# Neon Transformer for Geissler Tube



## MikeFL (Apr 16, 2016)

Sounds pretty dangerous.

As old as many of us are on this forum, I don't think anyone here today predates neon signs. 
They're all in heaven.

Maybe run this on physics forums or allaboutcircuits?


----------



## SWDweller (Dec 9, 2020)

Neon was heading out when I was heading into the trade, early '70's. All of the signs I ever worked on were HO Florescent. Neon was handled by those other guys. Also has to do with were you were living and working. Out here in the West we were an early adopter of some tech.


----------



## dspiffy (Nov 25, 2013)

I have a few friends that collect neon I could ask, but I dont know if this is their jam. Really I would ask a local neon repair shop in your area.


----------



## Majewski (Jan 8, 2016)

Wow. So cool.


----------



## GeisslerZone (Dec 11, 2021)

MikeFL said:


> Sounds pretty dangerous.
> 
> As old as many of us are on this forum, I don't think anyone here today predates neon signs.
> They're all in heaven.
> ...


Dangerous? I suppose if you don’t take precautions. My question really wasn’t about Geissler tubes or how old they are, it was about the currently available Self Adjusting Neon Power Supplies - How does it safely apply the correct voltage (in my case 2kV).
My second question is, How do you test a neon circuit? What is a relatively inexpensive testing equipment?


----------



## cuba_pete (Dec 8, 2011)

GeisslerZone said:


> I have a late 1800s Geisler tube spinner with several Geisler tubes. Geisler tubes, I found out, were the precursors to neon tubes. The tubes are mostly around 6 to 8 inches long, some are longer. I also have an antique Ruhmkorff coil (antique high voltage power supply.
> I have two questions related to testing:
> 
> Before I hook everything up, I want to test each component. One of the items I need is a transformer. These Geissler tubes require about 2 Kvolts sometimes a little higher. I’ve been looking at self adjusting transformers. My question is are they safe for the device they are powering? These items are somewhat fragile. Or should I go with a manual adjusting transformer?
> ...


You should get on the www.pupman.com list (TCML--Tesla Coil Mailing List), visit the site and check out the TC webring sites (though it appears the webring itself is dead, the Google hits are still indexed.) I would recommend Gary Lau's page for a good starting place.

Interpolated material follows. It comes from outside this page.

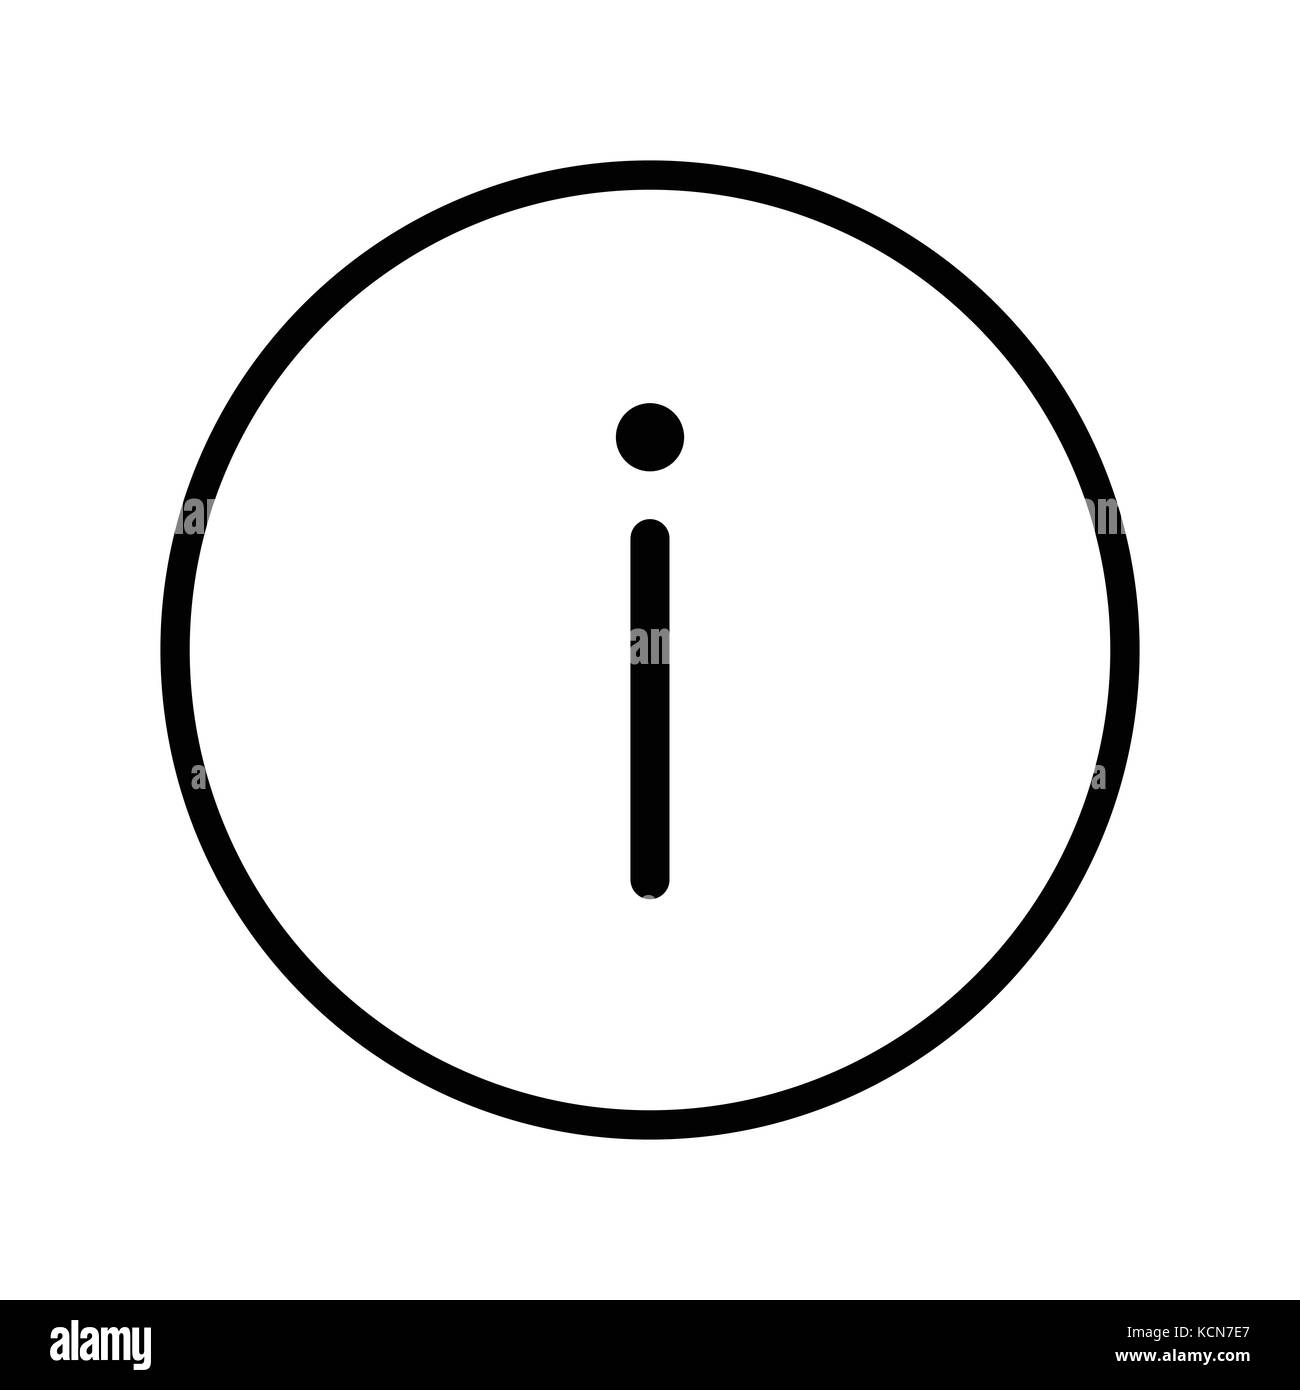 Vecteur d'info inscrivez-vous à l'icône de la ligne du cercle, symbole iconique dans un cercle, sur fond blanc. Vector design iconique. Illustration de Vecteur

The list has been very active lately, and has a plethora of the resources you seek. I've been into HV and coiling for about twenty years. It's a ton of fun.


----------



## RachelKestner (10 mo ago)

Neon was on its way out when I started in the profession in the early 1970s. Every sign I've ever worked on was HO Florescent. Those other people were in charge of Neon Direct . It also has to do with where you lived and worked. We were early adopters of some technology out here in the West.


----------



## paulengr (Oct 8, 2017)

It’s an art form now, still very popular in Vegas and other similar places.

A lot of it now is very different. The big thing about neon originally was the glass blowing. Now they just CNC cut a sheet such as with a water jet sandwiched between two other sheets. Then cement it all together, vacuum, inject neon, seal shut. So the labor intensive part is done in minutes not hours. It’s sort of cheater neon.

With the way the little LED strips look now in fake light bulbs though I can see using that to make some really impressive fake neon.


----------



## Djea3 (Mar 8, 2019)

Just found this thread and it reminded me that when I was a kid my neighbor was a glass blower making neon signs! Forgot all about that. Circa 1965.


----------



## AlexFullerton (3 mo ago)

I'm curious what you found out. Were you able to test it? What did you use?


----------